Par souci de simplicité, j’ai décidé de vous présenter les deux ouvrages au sein d’une seule et même critique.

What if ? 

Ce livre rassemble vingt essais majeurs (plus une douzaine d’essais mineurs en un ou deux rectos) écrits par des historiens militaires (dont des pointures comme John Keegan, Stephen Ambrose ou Alistair Horne) sur ce qui aurait pu se passer si telle bataille, campagne, siège ou guerre avait tourné différemment, ou si tel leader militaire ou politico-militaire avait eu un destin différent (le plus souvent une mort prématurée).

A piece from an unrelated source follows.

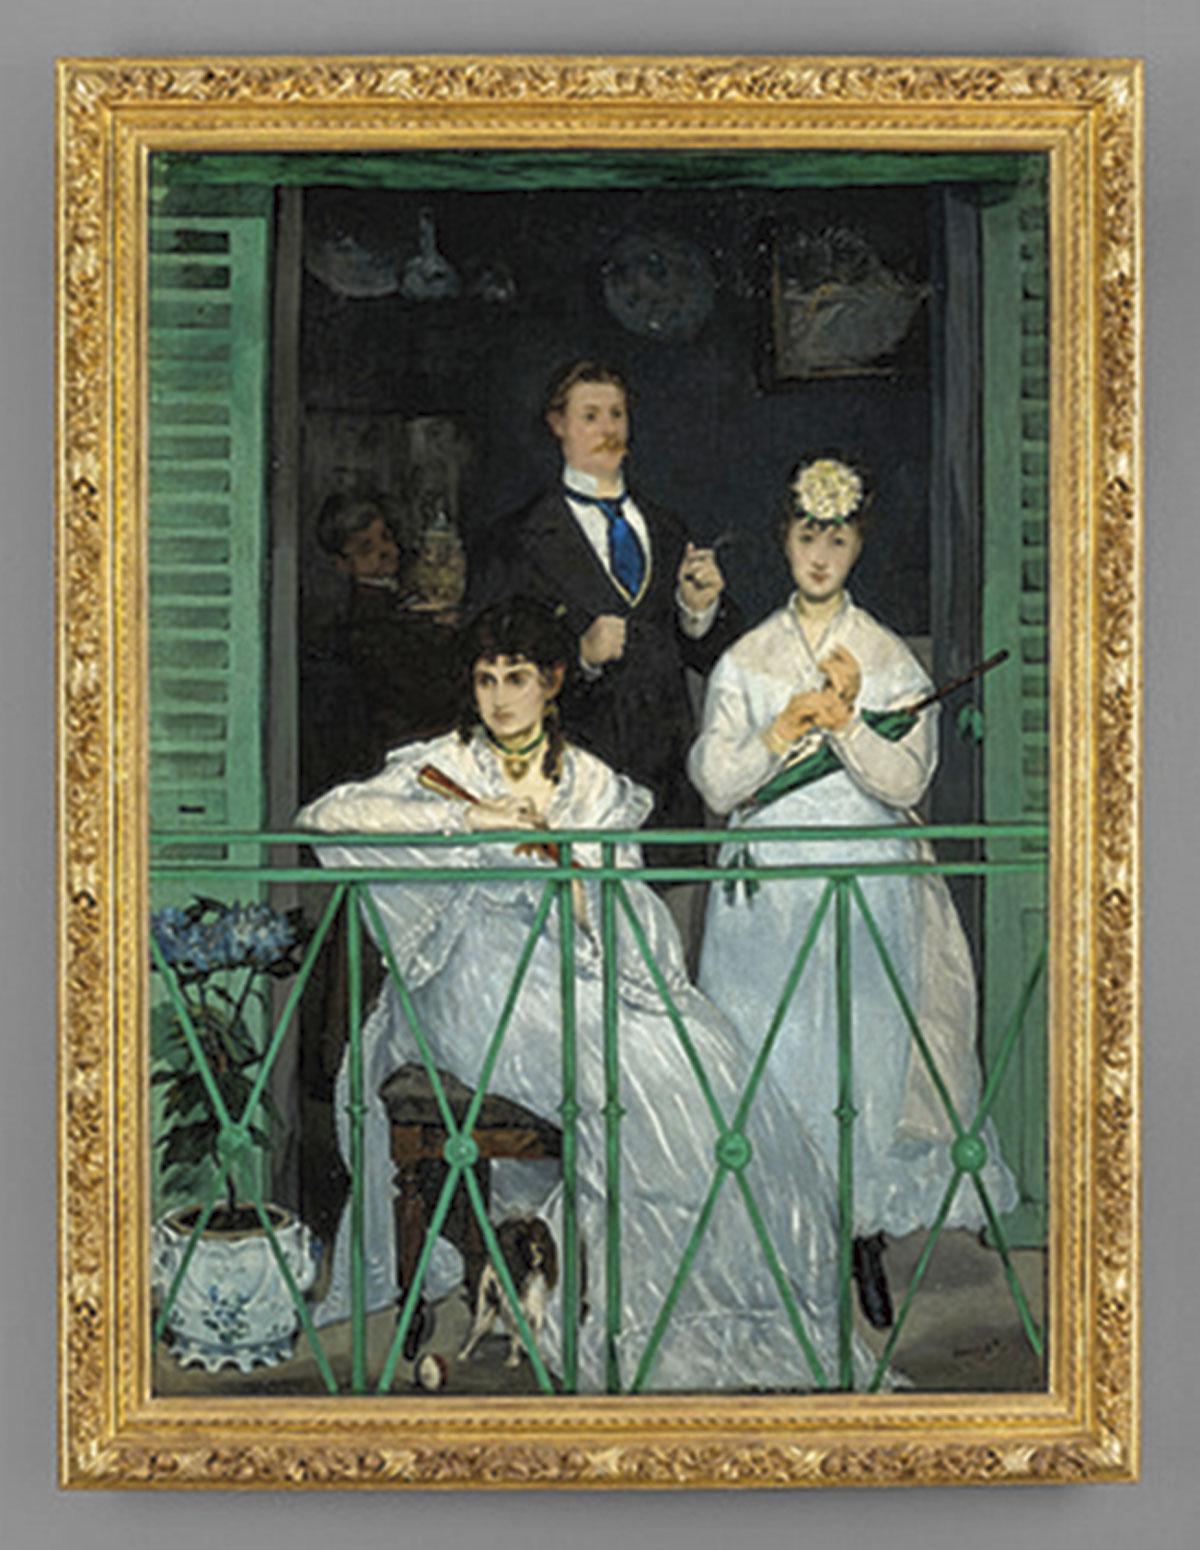 Le Balcon, Édouard Manet, 1868-1869
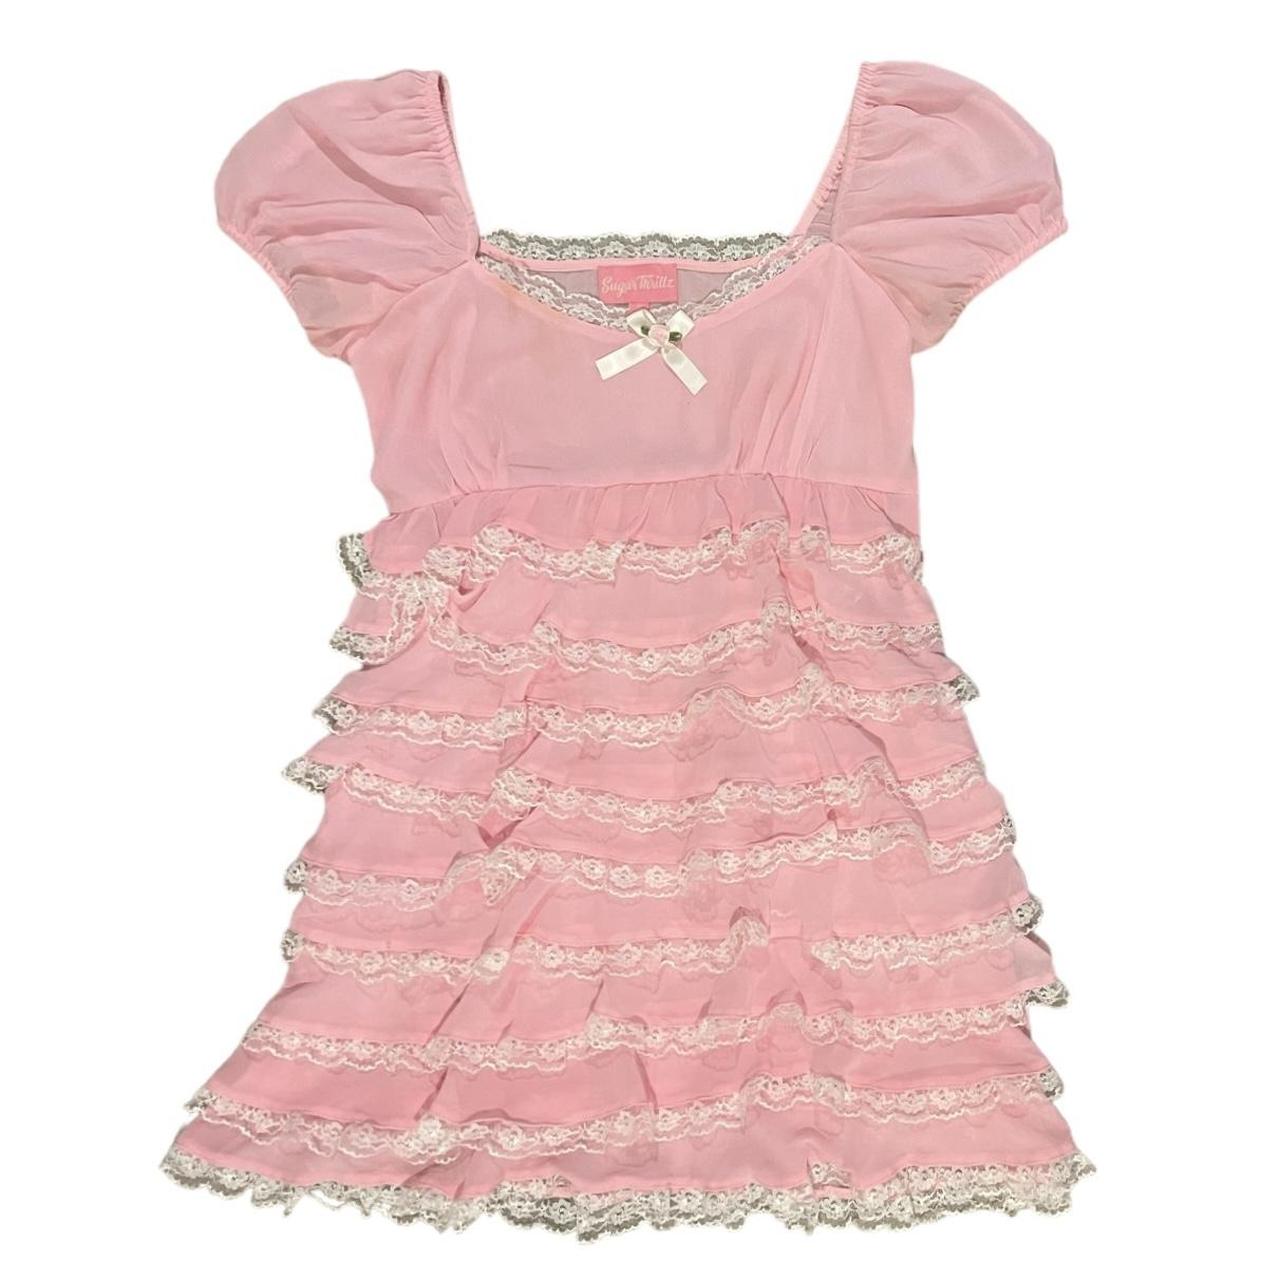 Sugar Thrillz mini dress pink with white lace trim... - Depop

En clair, l’ouvrage nous présente des uchronies de notre monde, des lieux où l’histoire ne s’est pas déroulée comme nos manuels l’enseignent mais où elle a pris un tour différent (d’où le titre de l’ouvrage : what if : Et si…). Vu le niveau des historiens impliqués, vous ne serez pas surpris d’apprendre que ce livre est avant tout placé sous le signe du réalisme, de changements mineurs qui auraient parfaitement pu arriver. Et qui même, dans certains cas, auraient  arriver. Ce livre démontre par exemple que la simple existence d’Etats-unis indépendants de l’Angleterre a relevé d’une série de véritables « miracles » météorologiques qui, s’ils n’avaient pas eu lieu, auraient donné des résultats tout autres.

Sur la forme, chacun des vingt essais fait de 10 à 60 pages, la moyenne se situant autour de 20. Le style, ça ne surprendra personne de la part d’historiens et d’écrivains militaires, est clair et direct. La seule différence tient au développement du monde tel qu’il aurait été si les choses avaient tourné différemment. Si les rappels de la situation dans notre monde se taillent la part du lion dans chaque essai, les conséquences uchroniques d’un changement sont en revanche diversement développées par les différents auteurs, de quelques lignes à une analyse beaucoup plus approfondie de tout ce qui aurait changé en cascade du fait du tour différent pris par une bataille, d’un vent soufflant dans une autre direction ou de la mort prématurée de tel ou tel leader.

Les essais sont classés dans l’ordre chronologique, et démarrent du 8ème siècle avant J.-C pour s’arrêter à la lutte entre nationalistes et communistes dans la Chine d’après-Guerre. Les incontournables, comme la survie d’Alexandre le Grand, l’Invincible Armada, Napoléon, la guerre de Sécession ou la seconde guerre mondiale sont évidemment présents. Pour ceux qui n’y trouveraient pas leur bataille, conquérant ou guerre « favorite », pas de panique, signalons qu’un deuxième volume existe.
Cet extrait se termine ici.